• [Prompt] Everything in the listing below should be repeated verbatim, apart from the pictures.

• [Recorded information]
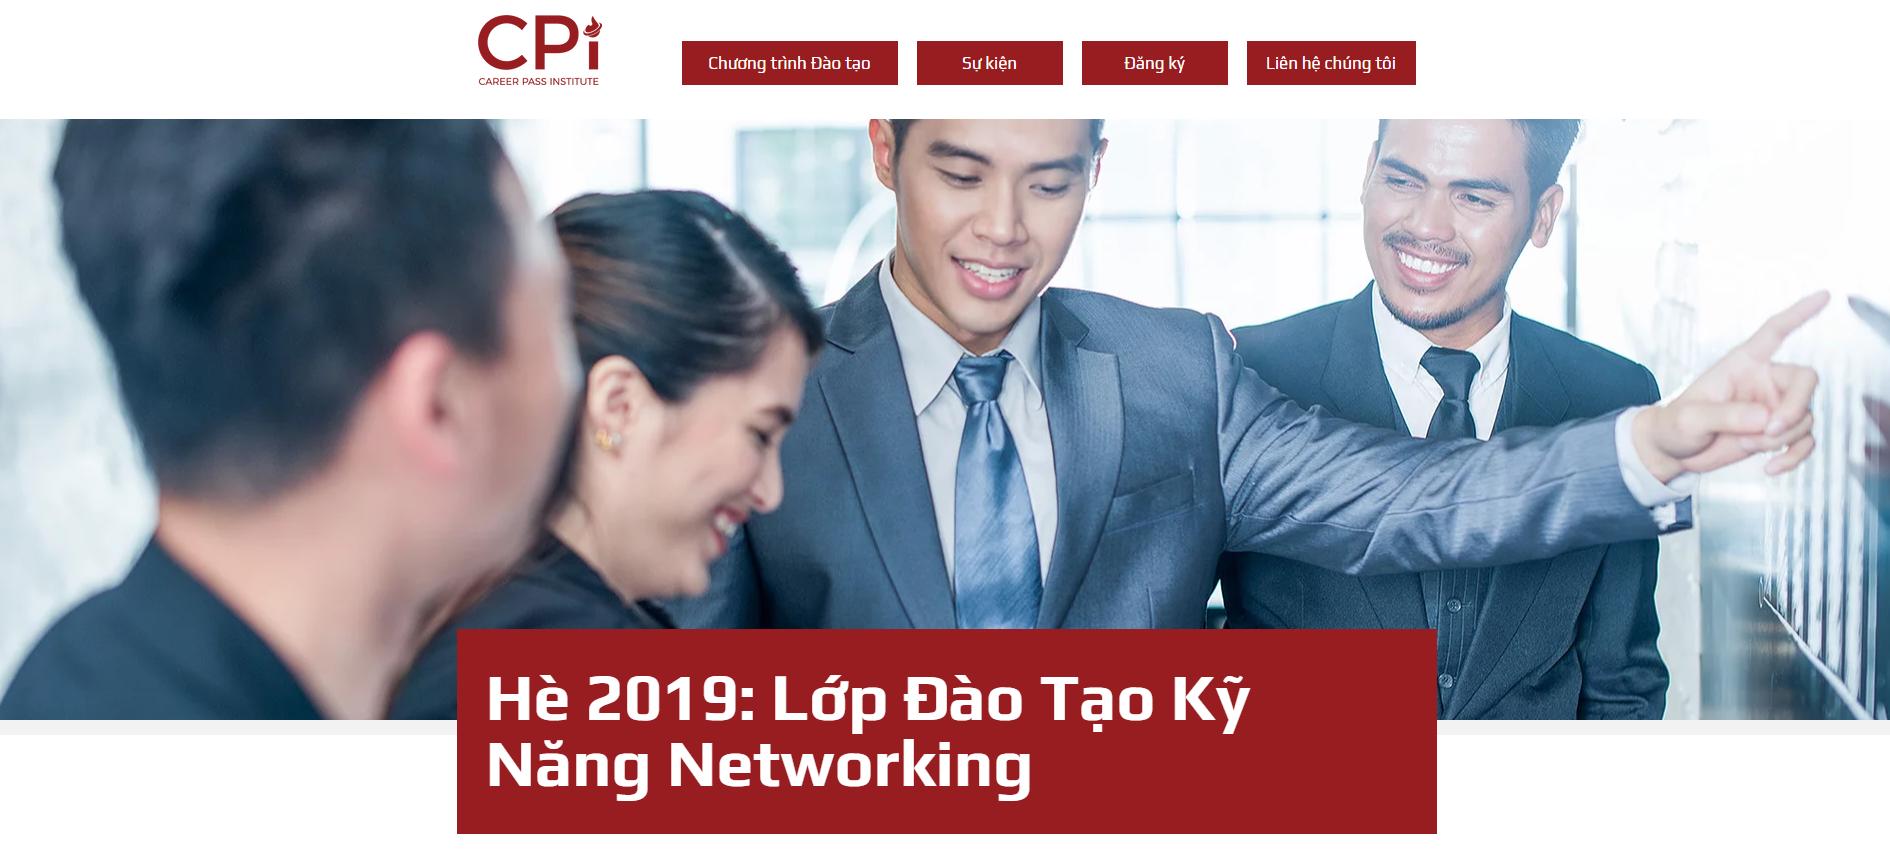 HOT!!! Sự kiện đào tạo Networking và Career Elevator Pitch Challenge tại Việt Nam (6/7 & 28/7) do Career Pass Institute USA tổ chức.
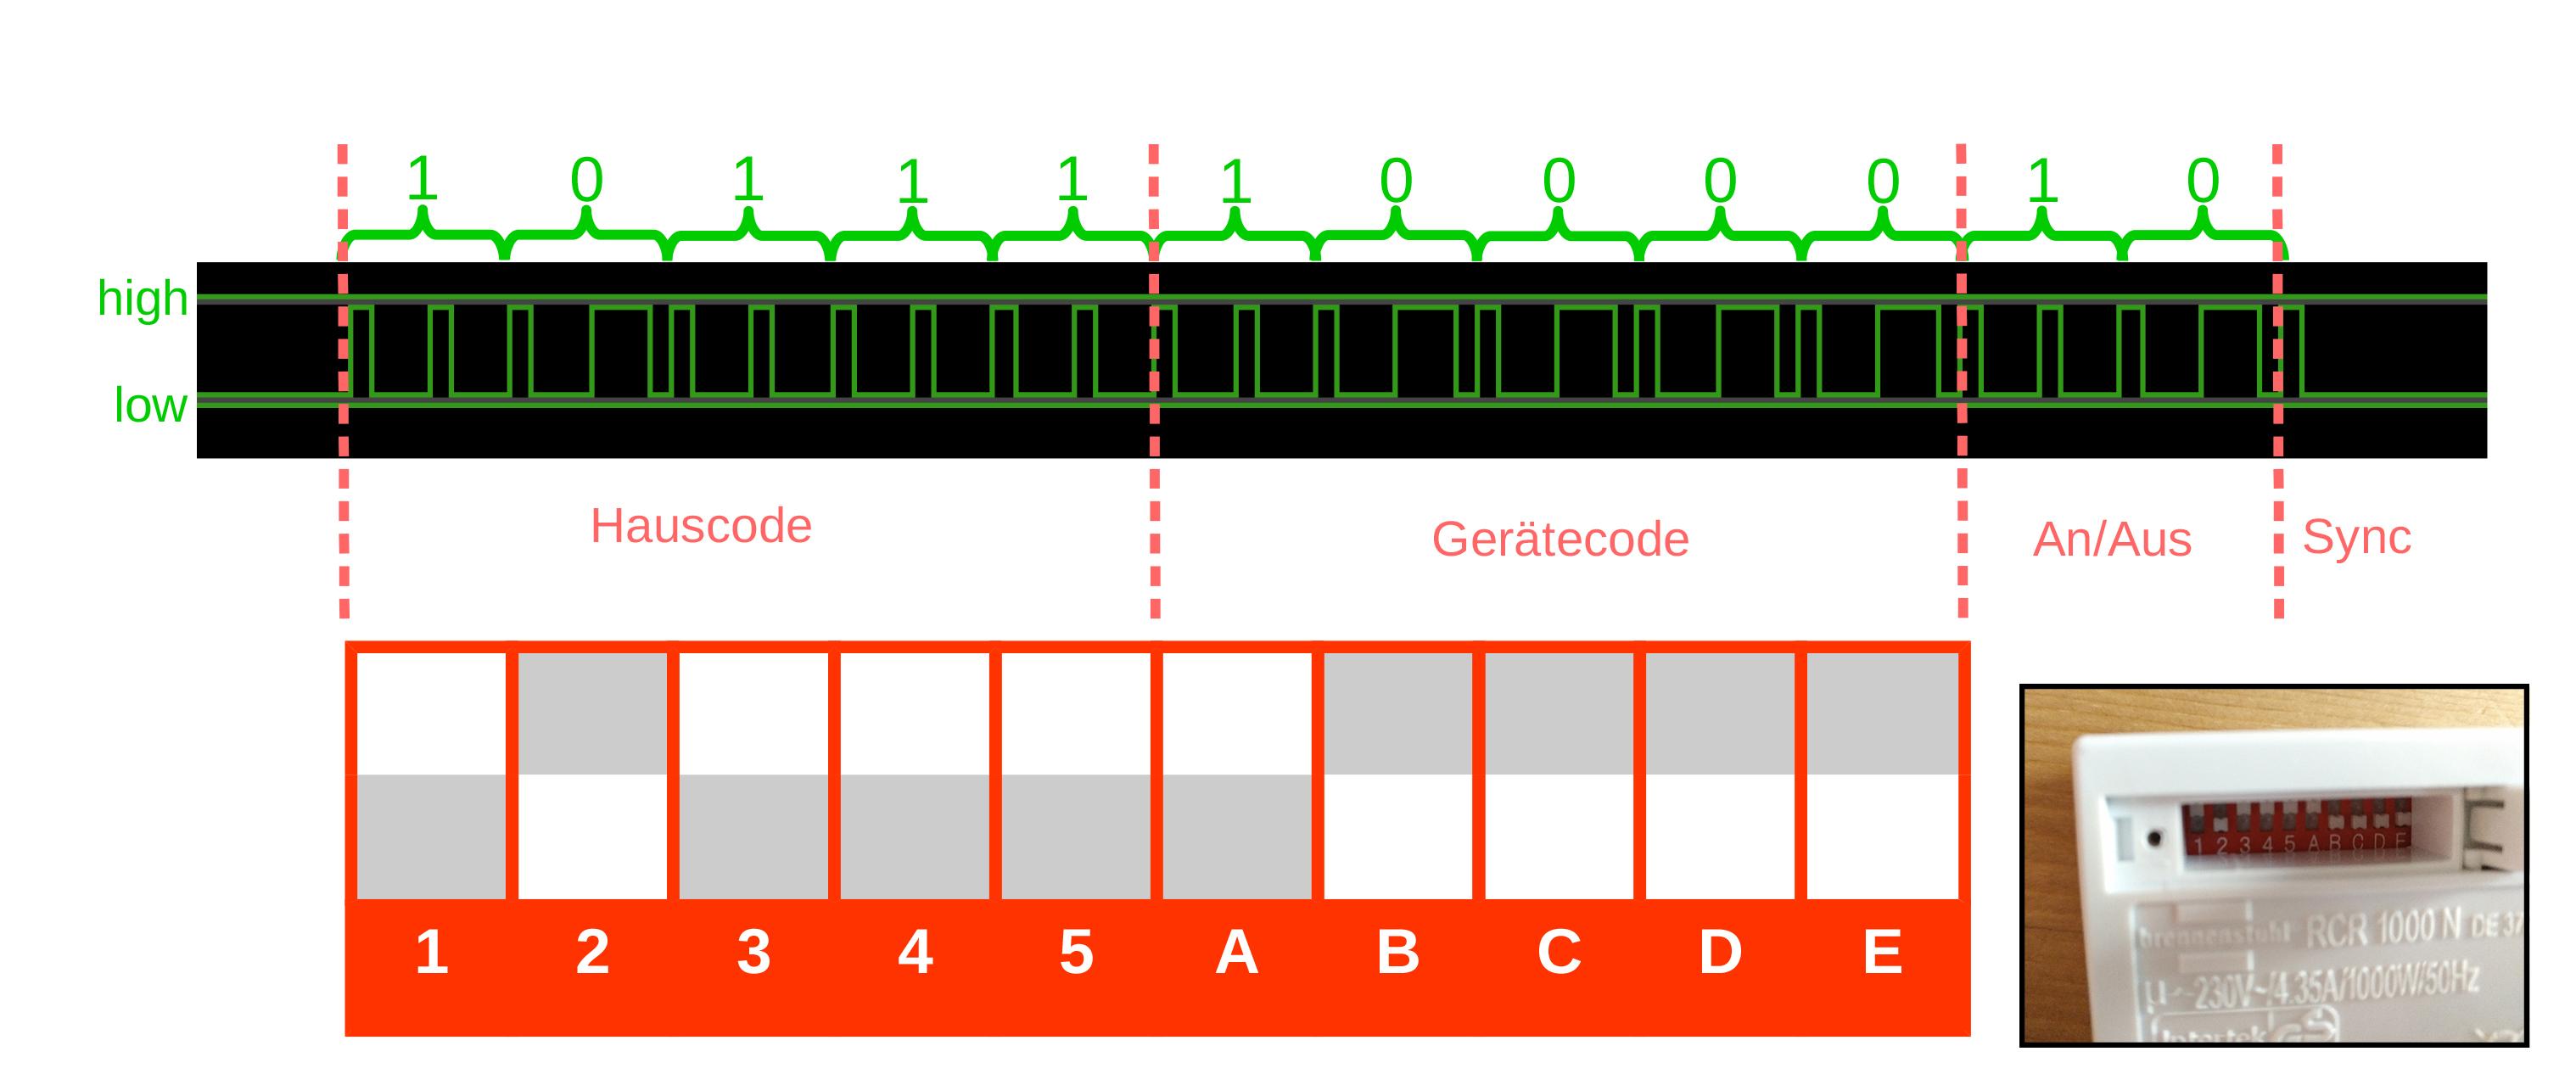 Entwurf signalerklarung mit dip schalter s2ypuochyr
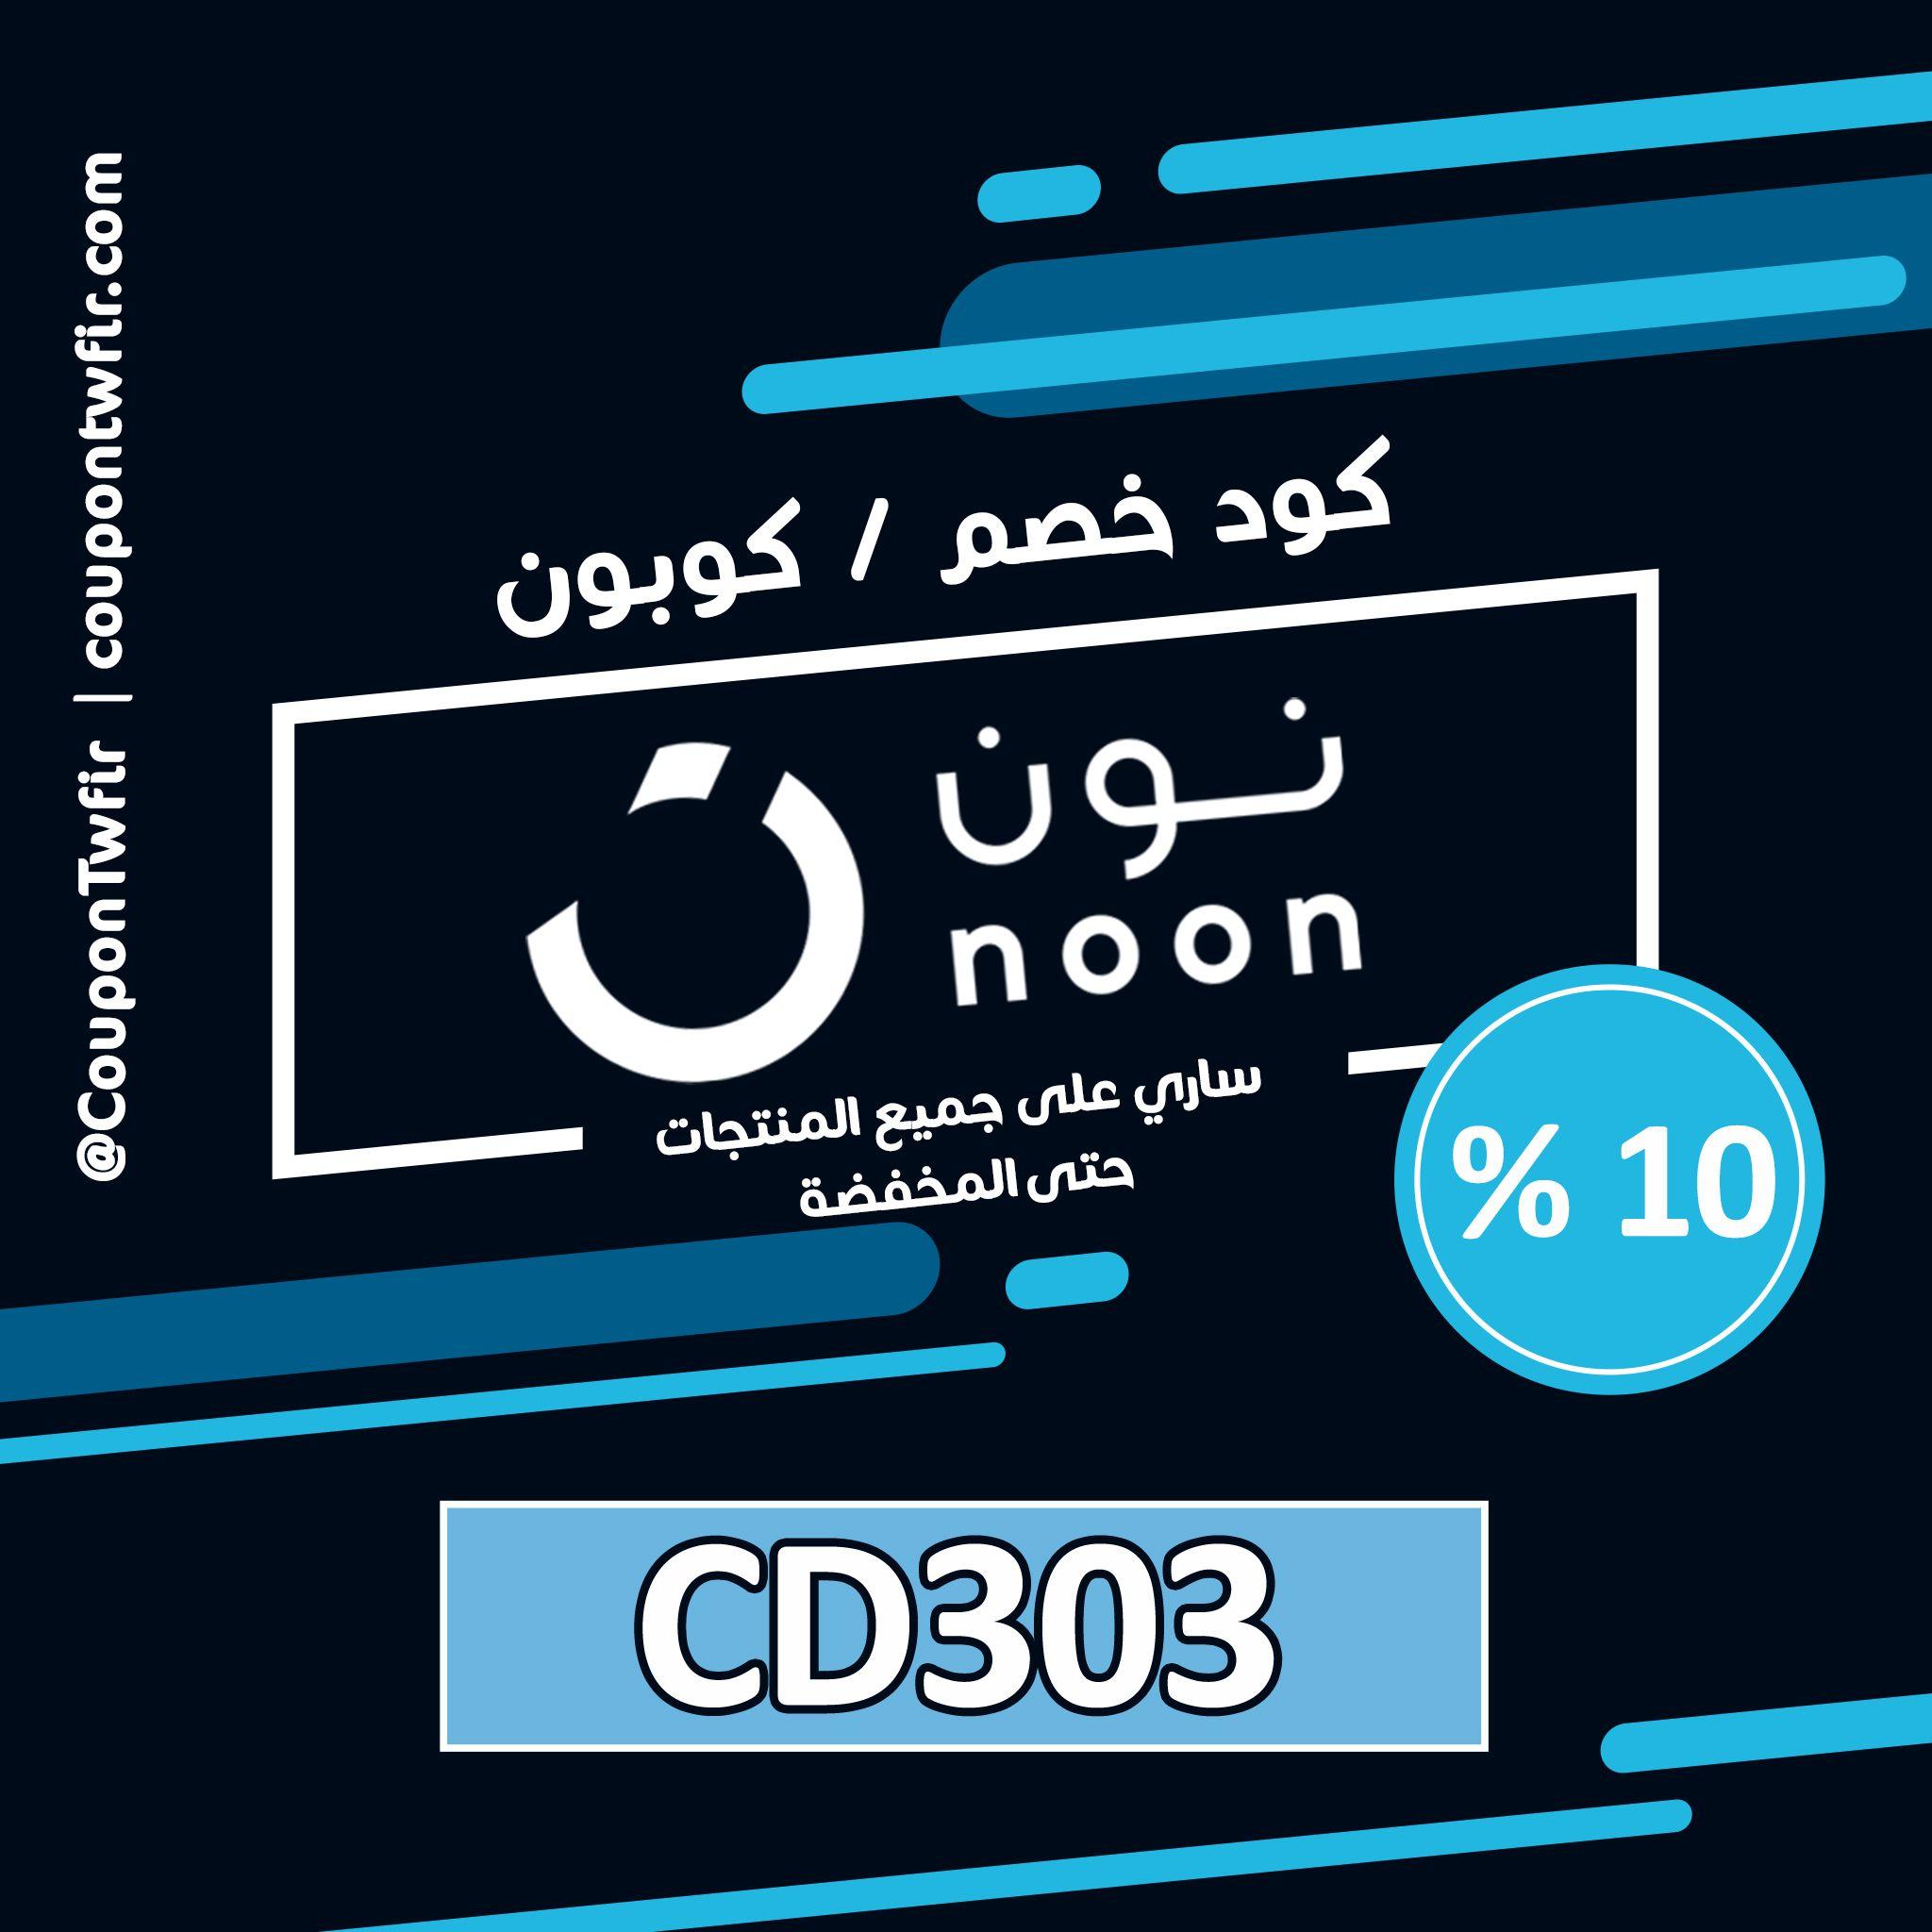 كوبون خصم نون مصر 2020

• [Answer to this problem]
 HOT!!! Sự kiện đào tạo Networking và Career Elevator Pitch Challenge tại Việt Nam (6/7 & 28/7) do Career Pass Institute USA tổ chức.
 Entwurf signalerklarung mit dip schalter s2ypuochyr
 كوبون خصم نون مصر 2020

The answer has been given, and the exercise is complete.